# permissions problem on /dev/shm after udev upgrade[SOLVED]

## jserink

Hi All:

After my udev-200 upgrade (which I had put off for 3 weeks) everything network wise is fine...

my eth0 is not enp0s25 and wlan0 is wlp3s0. That all works....but I get this message when trying to start chromium:

[4601:4623:0425/221717:FATAL:shared_memory_posix.cc(176)] This is frequently caused by incorrect permissions on /dev/shm.  Try 'sudo chmod 1777 /dev/shm' to fix.

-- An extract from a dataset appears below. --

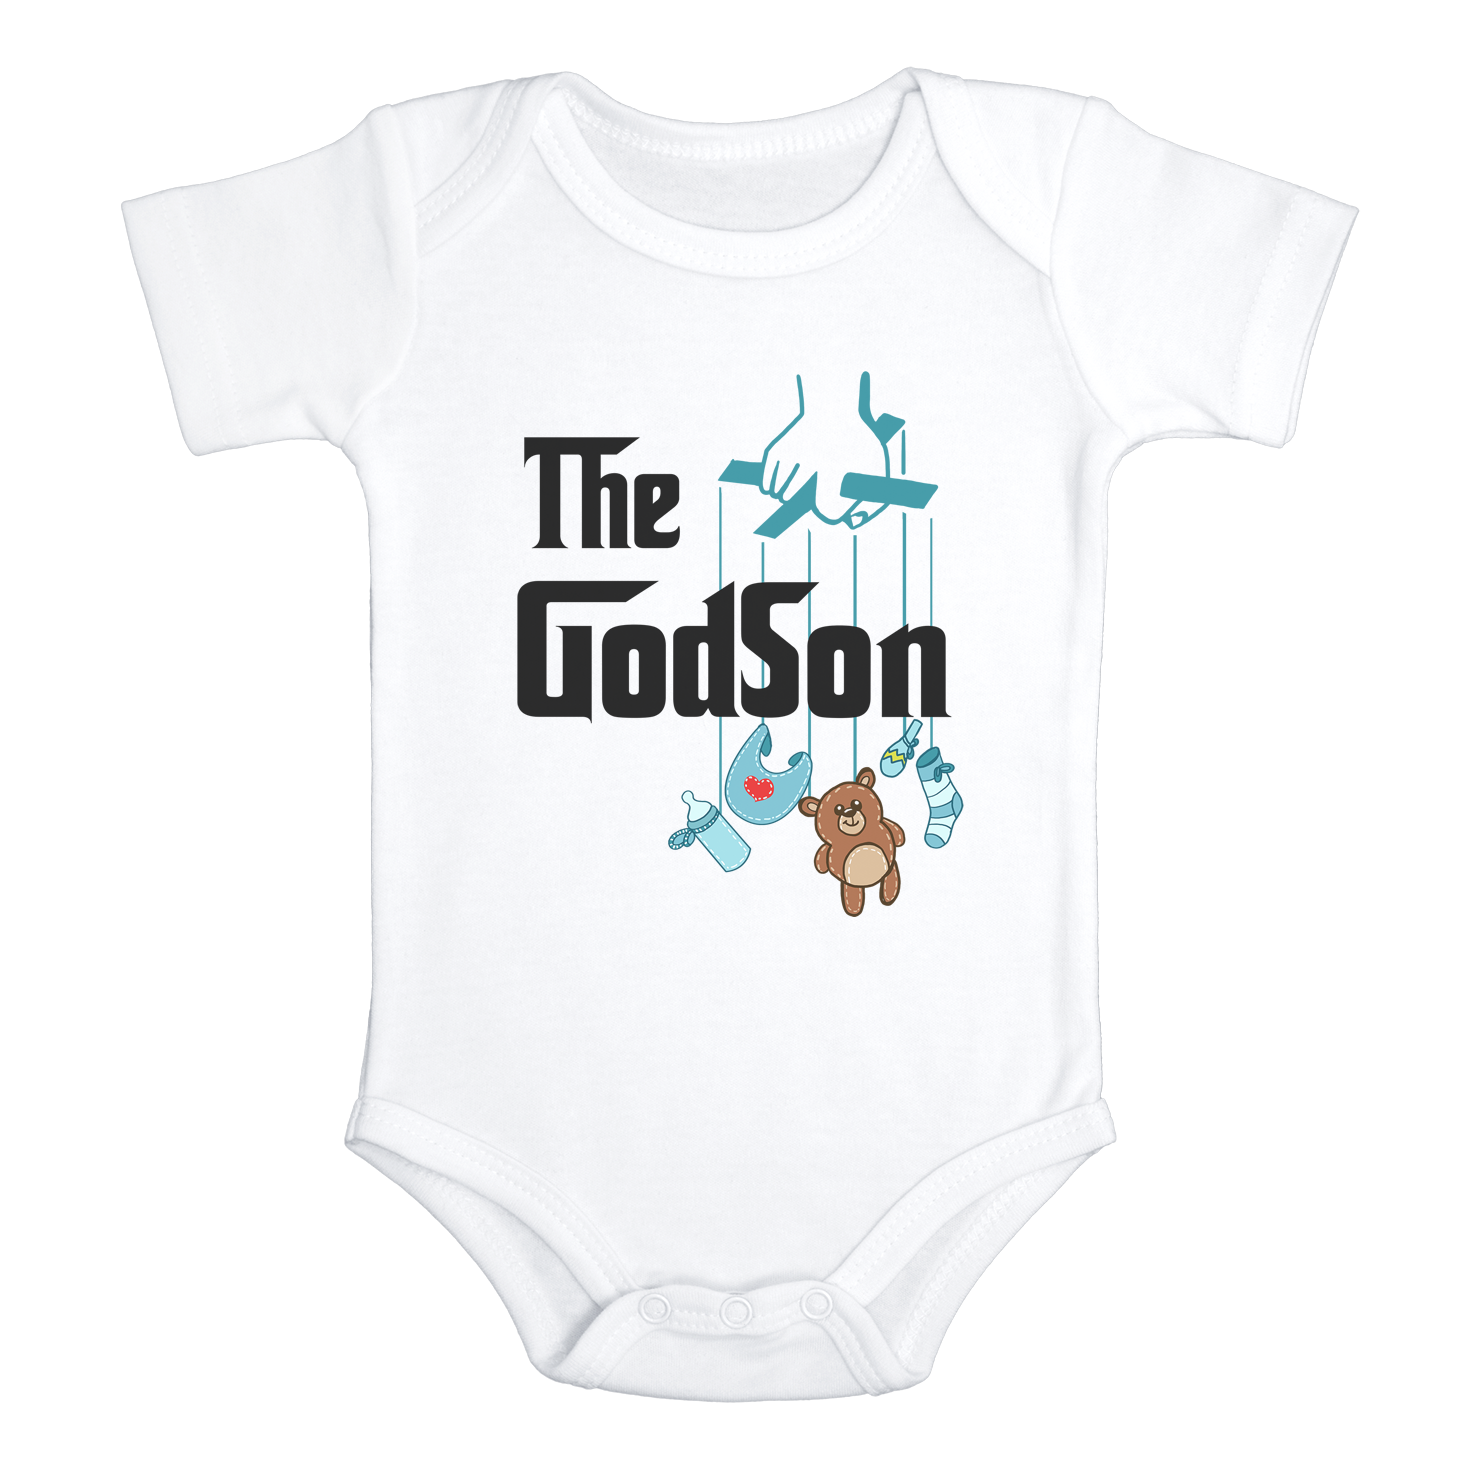 THE GODSON Funny baby onesies the godfather bodysuit (white: short or long sleeve) - HappyAddition
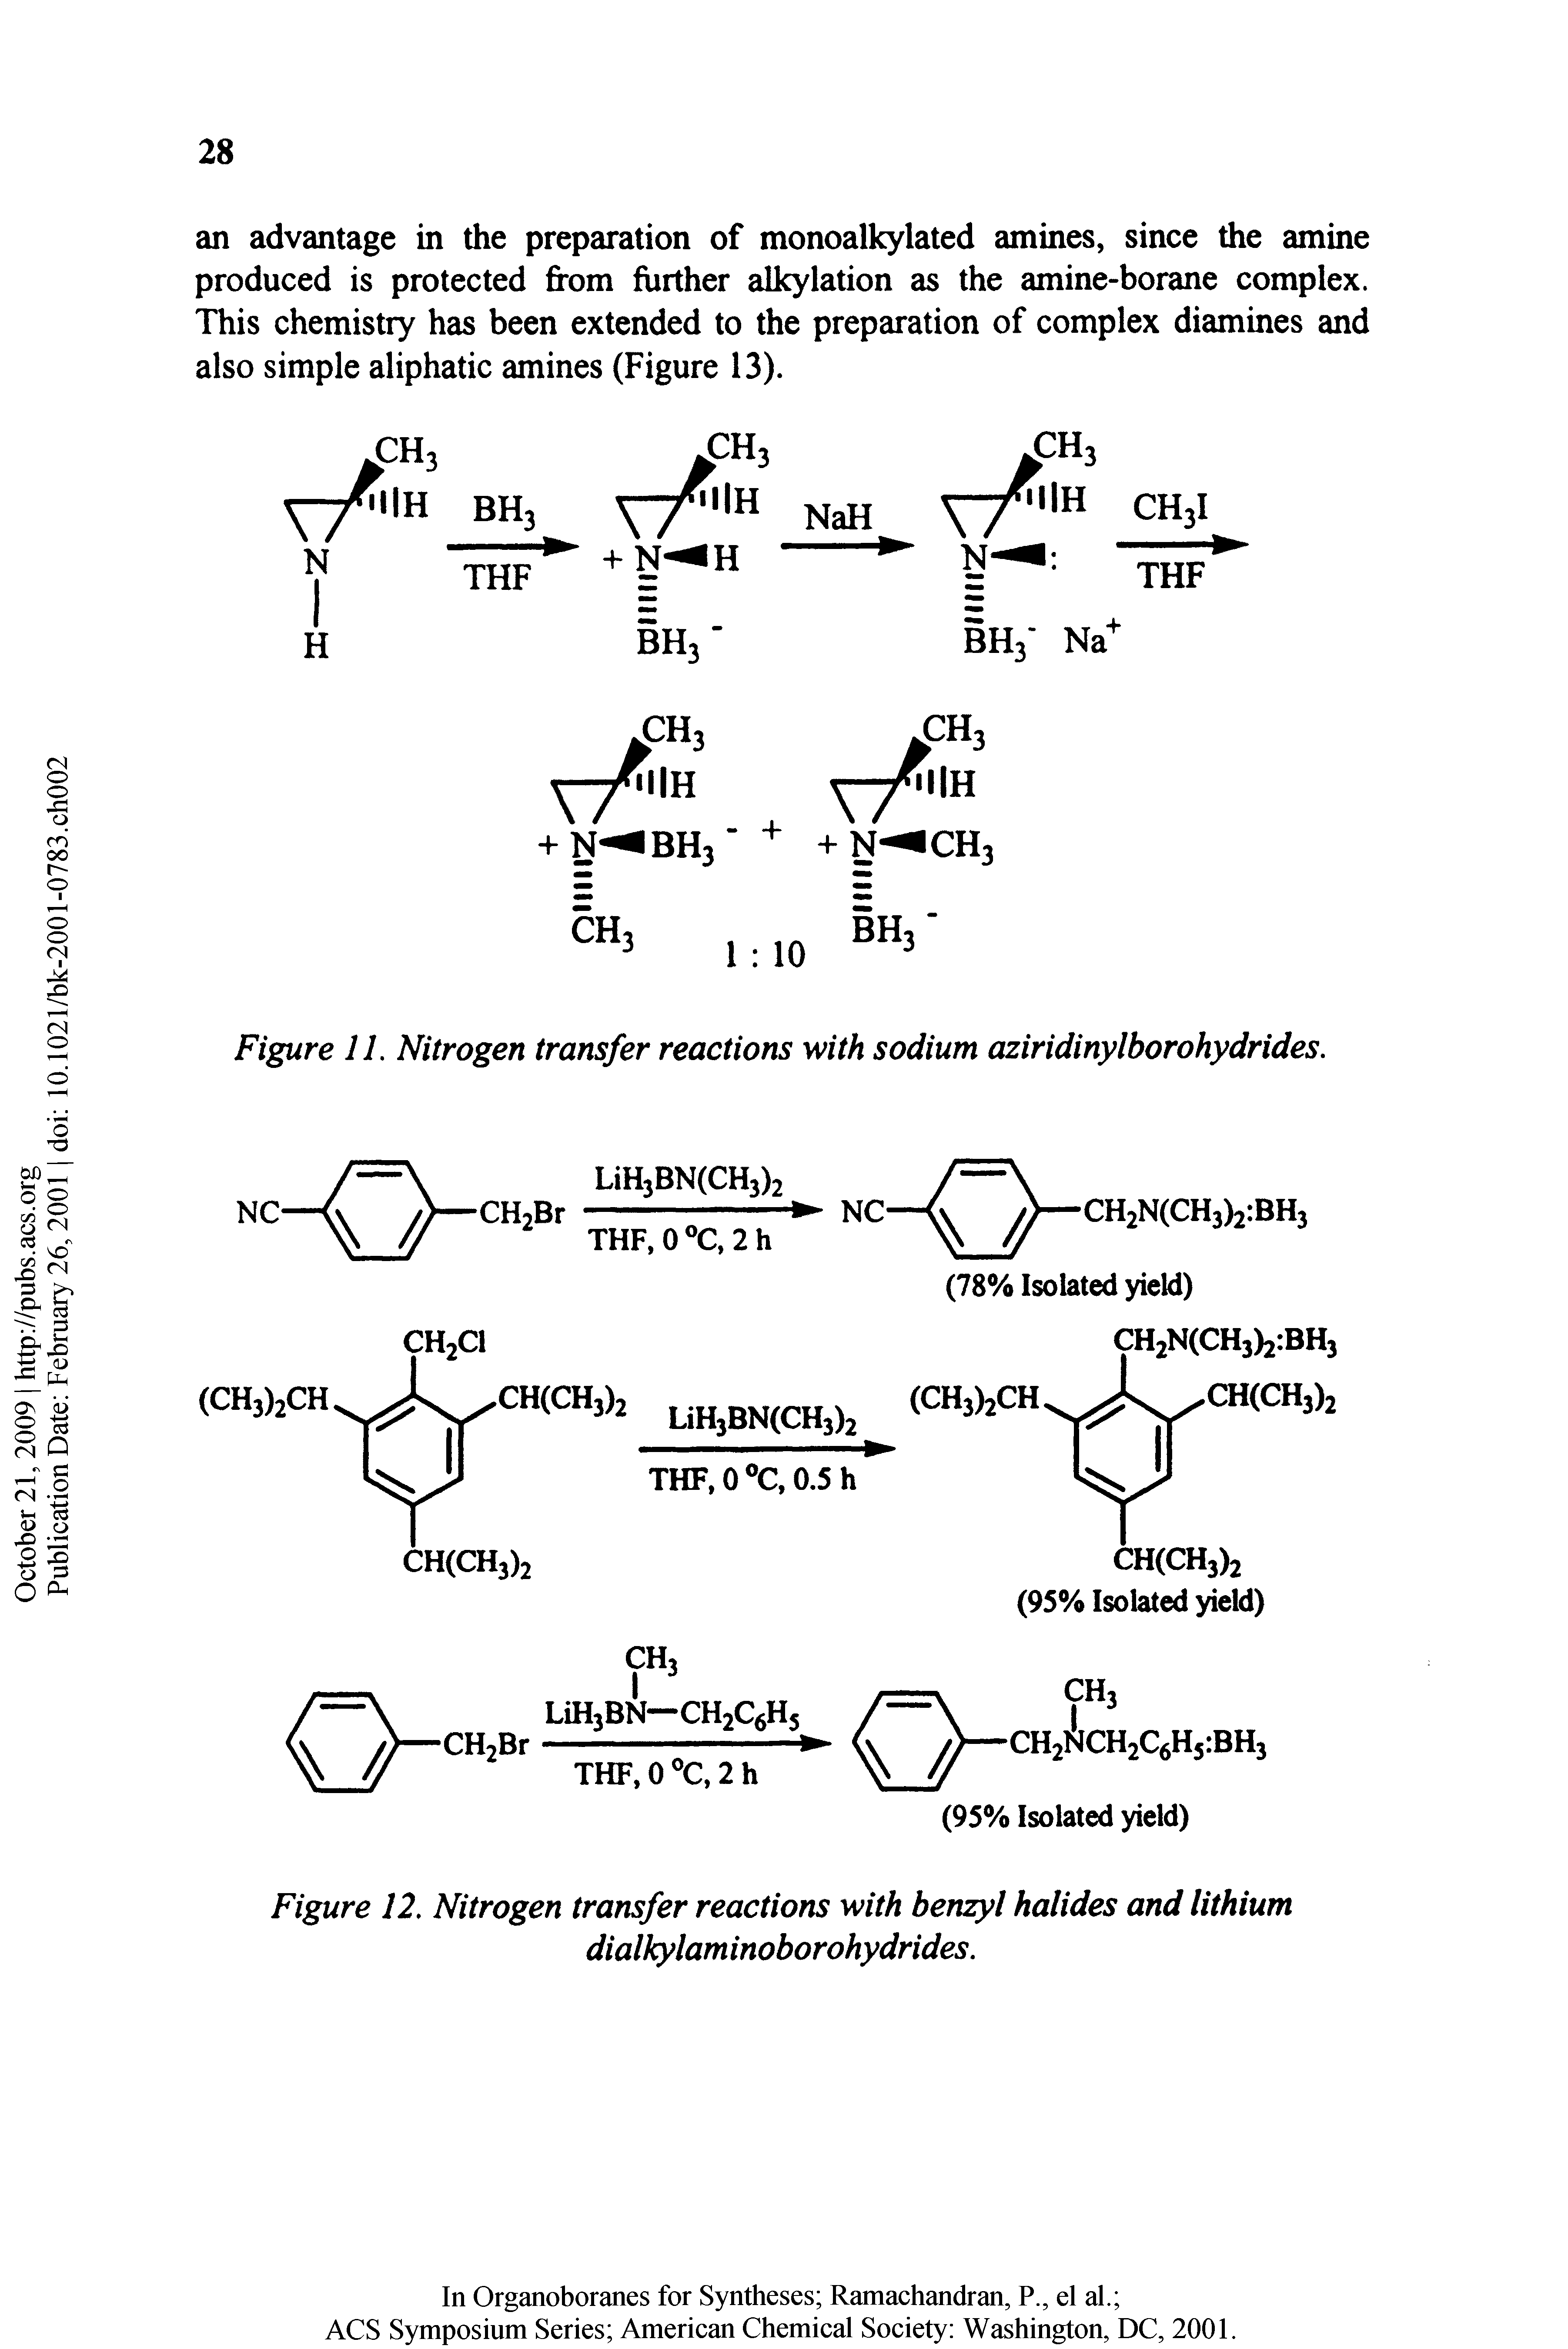 Figure 11. Nitrogen transfer reactions with sodium aziridinylborohydrides.

Similar error when I try and start my VM with:

qemu-kvm -boot c -hda /home/jserink/VMs/Win_7_Pro.img -cdrom /home/jserink/CDs/virtio-win-0.1-49.iso -m 6291 -smp 2 -usb -net nic,vlan=0,model=virtio,macaddr=52:54:00:00:EE:07 -net vde -rtc base=localtime -no-quit -vga qxl -global qxl.vram_size=128000 -name Win7 -monitor telnet:127.0.0.1:12997,server,nowait,ipv4 -spice port=15900,addr=127.0.0.1,disable-ticketing -device virtio-serial-pci -device virtserialport,chardev=spicechannel0,name=com.redhat.spice.0 -chardev spicevmc,id=spicechannel0,name=vdagent &

Simple enough fix, at a root prompt I just to this:

chmod 1777 /dev/shm

But I should not have to do this.

I tried adding a 'rw' to fstab but that did not fix it:

jserinki7 jserink # cat /etc/fstab

# /etc/fstab: static file system information.

#

# noatime turns off atimes for increased performance (atimes normally aren't 

# needed); notail increases performance of ReiserFS (at the expense of storage 

# efficiency).  It's safe to drop the noatime options if you want and to 

# switch between notail / tail freely.

#

# The root filesystem should have a pass number of either 0 or 1.

# All other filesystems should have a pass number of 0 or greater than 1.

#

# See the manpage fstab(5) for more information.

#

# <fs>			<mountpoint>	<type>		<opts>		<dump/pass>

# NOTE: If your BOOT partition is ReiserFS, add the notail option to opts.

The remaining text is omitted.